Furan-2-yl(2′-tosyl-1H,1′H-[2,3′-bipyrrol]-4′-yl)methanone (2b).

Yield 282 mg (74%). Yellow crystals, mp 95–97 °C. IR (KBr, cm⁻¹): 3293 (NH), 3131 (=CH), 2923, 2859 (CH), 1620 (CO), 1563, 1520 (C=C), 1354, 1140 (SO₂). ¹H NMR (400.13 MHz, CDCl₃): δ 10.71 (br.s, 1H, NH, CO-pyrrole), 9.94 (br.s, 1H, NH, pyrrole), 7.68 (d, J = 3.3 Hz, 1H, H-5, CO-pyrrole), 7.62–7.61 (m, 1H, H-5, furan), 7.57–7.55 (m, 2H, Ph), 7.16–7.14 (m, 3H, H-3, furan, Ph), 6.86–6.84 (m, 2H, H-3, H-5, pyrrole), 6.54 (dd, J = 3.3, 1.4 Hz, 1H, H-4, furan), 6.22–6.20 (m, 1H, H-4, pyrrole), 2.33 (s, 3H, CH₃). ¹³C NMR (100.6 MHz, CDCl₃): δ 177.8, 153.4, 146.9, 144.7, 137.9, 129.7 (2C), 127.5, 127.3 (2C), 125.7, 123.3, 123.0, 121.4, 119.8, 119.3, 113.2, 112.5, 109.5, 21.6. Anal. Calcd for C₂₀H₁₆N₂O₄S: C, 63.15; H, 4.24; N, 7.36; S, 8.43%. Found: C, 63.27; H, 4.42; N, 7.53; S, 8.3%.

Thiophen-2-yl(2′-tosyl-1H,1′H-[2,3′-bipyrrol]-4′-yl)methanone (2c).

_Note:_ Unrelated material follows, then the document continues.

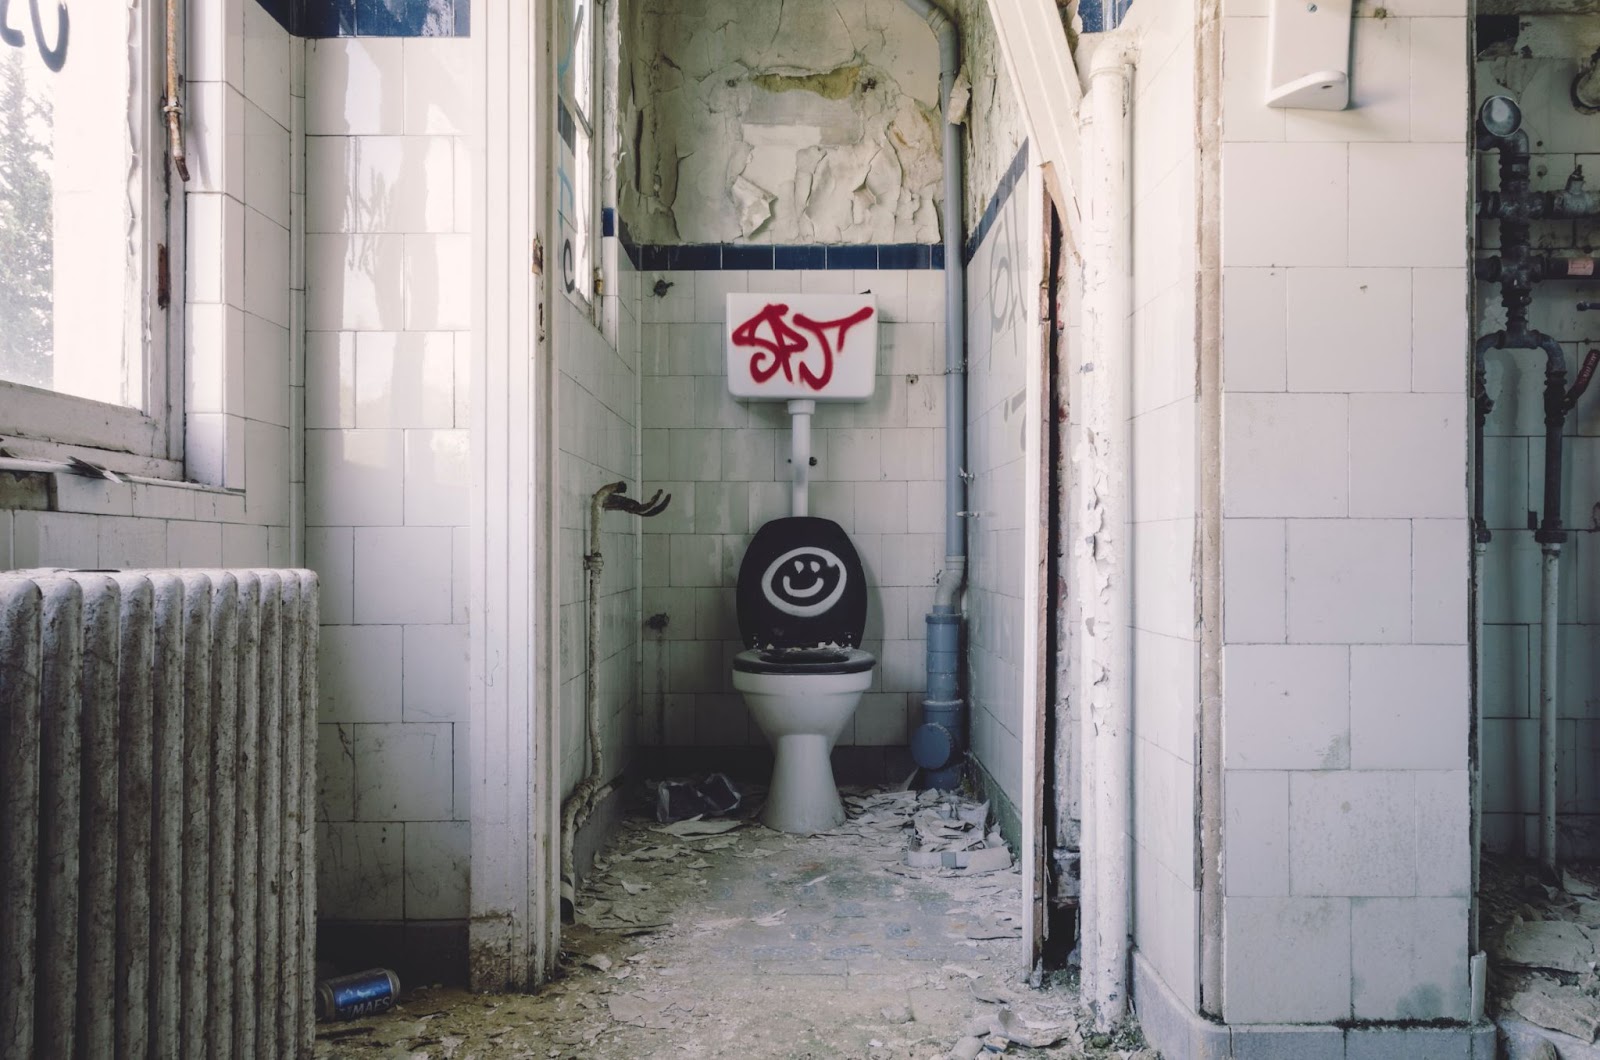 A bathroom with a smiley face painted on the toilet seat

Yield 274 mg (69%). Yellow crystals, mp 175–177 °C. IR (KBr, cm⁻¹): 3351 (NH), 3137, 3110 (=CH), 2922 (CH), 1614 (CO), 1569, 1520, 1484, 1458 (C=C), 1359, 1136 (SO₂). ¹H NMR (400.13 MHz, CDCl₃): δ 10.64 (br.s, 1H, NH, CO-pyrrole), 10.16 (br.s, 1H, NH, pyrrole), 7.65 (d, J = 4.9 Hz, 1H, H-5, thiophene), 7.57 (d, J = 8.1 Hz, 2H, Ph), 7.54 (d, J = 3.5 Hz, 1H, H-3, thiophene), 7.46 (d, J = 3.3 Hz, 1H, H-3, pyrrole), 7.14 (d, J = 8.1 Hz, 2H, Ph), 7.09–7.07 (m, 1H, H-4, thiophene), 6.85–6.83 (m, 1H, H-4, pyrrole), 6.83–6.82 (m, 1H, H-3, pyrrole), 6.21–6.20 (m, 1H, H-5, pyrrole), 2.32 (s, 3H, CH₃). ¹³C NMR (100.6 MHz, CDCl₃): δ 183.5, 145.0, 144.8, 137.5, 134.6, 134.4, 129.7 (2C), 128.2, 127.4, 127.2 (2C), 125.4, 124.1, 122.5, 121.4, 119.3, 113.0, 109.4, 21.7. Anal. Calcd for C₂₀H₁₆N₂O₃S₂: C, 60.59; H, 4.07; N, 7.07; S, 16.17%. Found: C, 60.73; H, 4.27; N, 7.18; S, 15.99%. HRMS (ESI-TOF): found 397,0681. Calcd. for [C₂₀H₁₆N₂O₃S₂+H]⁺ 397,0685.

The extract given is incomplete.